Questions

Question-3 :   What are the last two digits of the number $99^{99}$?

The number $99^{99}$ is huge, we do not want to compute it. Instead, we can use remainders. Note that the number consisting of the last two digits is just the remainder after the division by $100$. Thus, we are actually interested in the remainder of the number $99^{99}$ when divided by $100$.

Note that $99\equiv -1\mathrm{mod}100$. This allows us to simplify the computation a lot: $$99^{99}\equiv (-1{)}^{99}\equiv -1\equiv 99\mathrm{mod}100$$

Thus, the remainder of $99^{99}$ when divided by $100$ is $99$ and these are the two last digits of $99^{99}$.

In the computation above we used that $99^{99}$ is just $99$ multiplied by itself $99$ times. We then use that in the multiplication modulo some number we can substitute the numbers by their congruent.

Note that one cannot just substitute any number in any expression by its congruent. For example, we cannot substitute $99^{99}$ by $(-1{)}^{-1}$ We have only proved that we can substitute numbers by their congruents in additions and multiplications, and we should be careful to use only these properties.

Question-4 :   Is the number $3475$ divisible by $3$?

To solve this problem it is enough to compute the remainder of the number after the division by $3$: the number is divisible by $3$ if the remainder is $0$.

But how can we compute the remainder fast? We can try the same approach we used for divisibility tests. Observe that $$3475=3000+400+70+5=3\cdot 10^3+4\cdot 10^2+7\cdot 10+5$$

Now we represented our number as an arithmetic expression and we can use modular arithmetic. Note that $$10\equiv 1\mathrm{mod}3$$

Thus, for any positive $k$ $$10^k\equiv 1^k\equiv 1\mathrm{mod}3$$

Applying this to our number, we get $$3475\equiv 3\cdot 10^3+4\cdot 10^2+7\cdot 10+5\equiv 3+4+7+5\mathrm{mod}3$$

Now $$3+4+7+5\equiv 19\equiv 1\mathrm{mod}3$$

Thus, the remainder of $3475$ when divided by $3$ is $1$ and $3475$ is not divisible by $3$.

Note, that the same argument can be applied in a general setting, giving the following lemma.

Question-6 :   Find a remainder $x$ such that $3\cdot x\equiv 5\mathrm{mod}7$?

We must multiply $3$ by such an integer that when we divide the resulting number by $7$, $5$ gives the remainder.

The first positive number that gives a remainder of $5$ is $5$. However, we cannot get $5$ by multiplying a positive number by $3$. Let's try the number sequence starting from $5$ and increasing by $7$. $$5,12,19,26,33,\mathrm{40...}$$ the quotient of every number divisible by $3$ in this group is our answer.
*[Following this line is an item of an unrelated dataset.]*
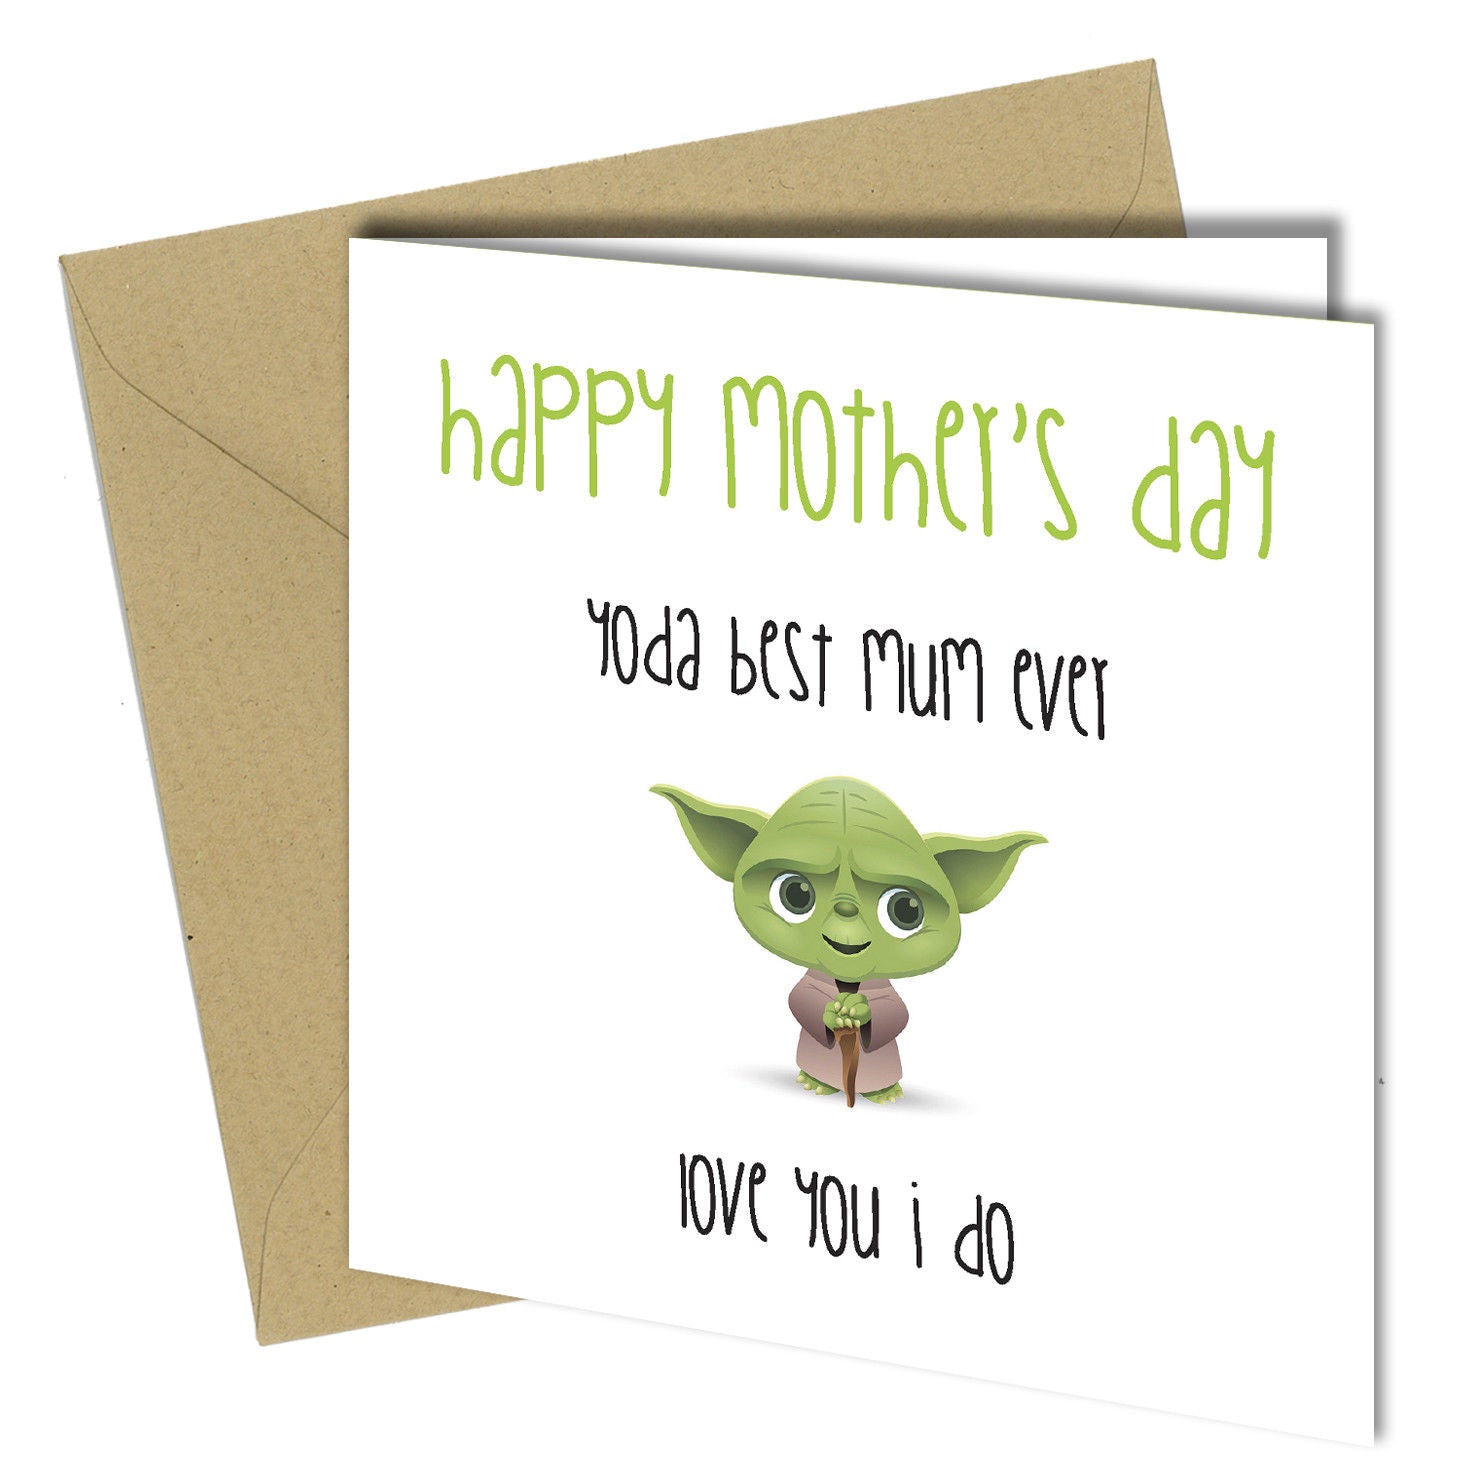 #499 Yoda Best Mum

The smallest correct answer for $x$ is $4$.

Question-7 :   Find a remainder $x$ such that $12\cdot x\equiv 3\mathrm{mod}7$?

Again, try the way just before. But first of all, we can minimize this problem to $$5\cdot x\equiv 3\mathrm{mod}7$$

Now, We must multiply $5$ by such an integer that when we divide the resulting number by $7$, $3$ gives the remainder. We create possible group like this: $$3,10,17,24,31,38,45,\mathrm{52...}$$ However, we cannot get $3$ by multiplying a positive number by $5$. $10$ and $45$ are the numbers divisible by $5$ at the beginning of the group and these constitute our answers. The smallest $x$ value will be $2$.

Of course, we can create correct answer group like this: $$2,9,16,\mathrm{23...}$$